In deze zaak gaat het om een hoger beroep van belanghebbende tegen de uitspraak van de Rechtbank Den Haag, waarin de verzoeken om proceskostenvergoeding zijn afgewezen. De Inspecteur van de Belastingdienst had eerder beslist dat de bezwaren van belanghebbende met betrekking tot zeven naheffingsaanslagen in de omzetbelasting niet-ontvankelijk waren verklaard. Belanghebbende trok vervolgens de beroepen in en verzocht de Rechtbank om de Inspecteur te veroordelen in de proceskosten. De Rechtbank oordeelde dat de Inspecteur niet tegemoet was gekomen aan belanghebbende, omdat hij de primaire besluiten had herzien en niet de besluiten waartegen beroep was ingesteld. Dit leidde tot de afwijzing van de verzoeken om proceskostenvergoeding.

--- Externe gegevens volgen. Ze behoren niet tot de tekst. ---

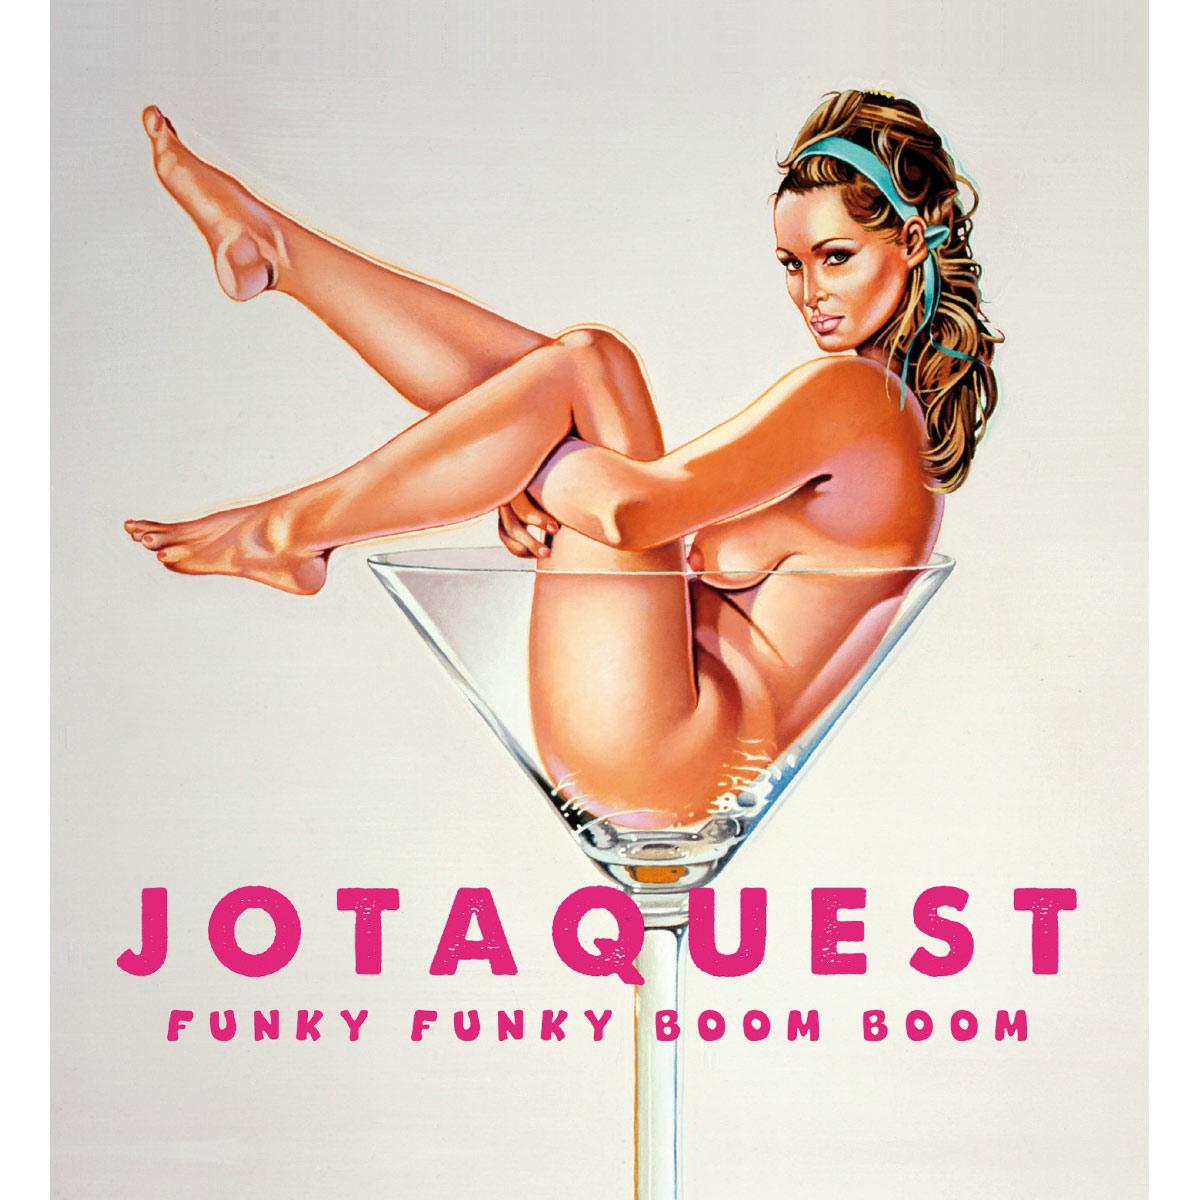 LP Duplo Jota Quest Funky Funky Boom Boom
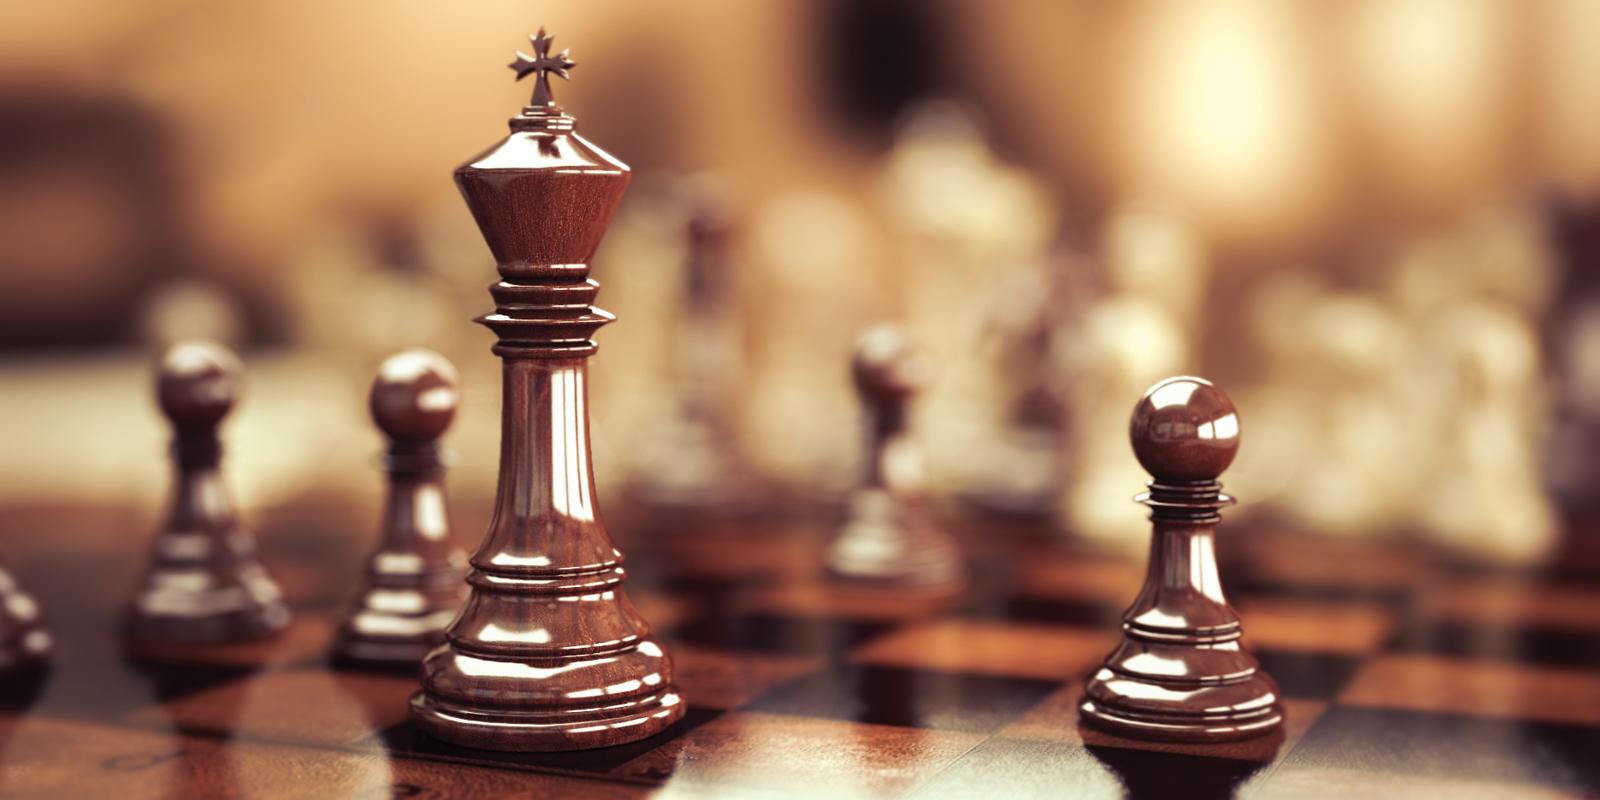 Международный турнир Tata Steel Chess. Вейк-а-Зее, Нидерланды 10.01 - 26.01. 2020

In hoger beroep bleef de vraag of belanghebbende recht had op vergoeding van proceskosten in beroep onopgelost. Het Hof oordeelde dat belanghebbende niet in staat was het griffierecht te betalen en dat de Rechtbank terecht had geoordeeld dat er geen recht op proceskostenvergoeding bestond. Het Hof bevestigde dat door het intrekken van de beroepen de niet-ontvankelijkverklaring onherroepelijk was komen vast te staan. De stelling van belanghebbende dat de Inspecteur de beginselen van behoorlijk bestuur had geschonden, werd door het Hof niet ter beoordeling genomen. Uiteindelijk werd het hoger beroep ongegrond verklaard en werd de uitspraak van de Rechtbank bevestigd.

Uitspraak

GERECHTSHOF DEN HAAG

Team Belastingrecht
meervoudige kamer
nummers BK-17/00779 t/m BK-17/00785

Uitspraak van 23 februari 2018

in het geding tussen:

[X] te [Z] , belanghebbende,

en

de inspecteur van de Belastingdienst, kantoor Den Haag, de Inspecteur,

op het hoger beroep van belanghebbende tegen de uitspraak van de Rechtbank Den Haag van 27 juli 2017, nummers SGR 16/8164 t/m SGR 16/8166, SGR 16/8169 en SGR 16/8200 t/m SGR 16/8202.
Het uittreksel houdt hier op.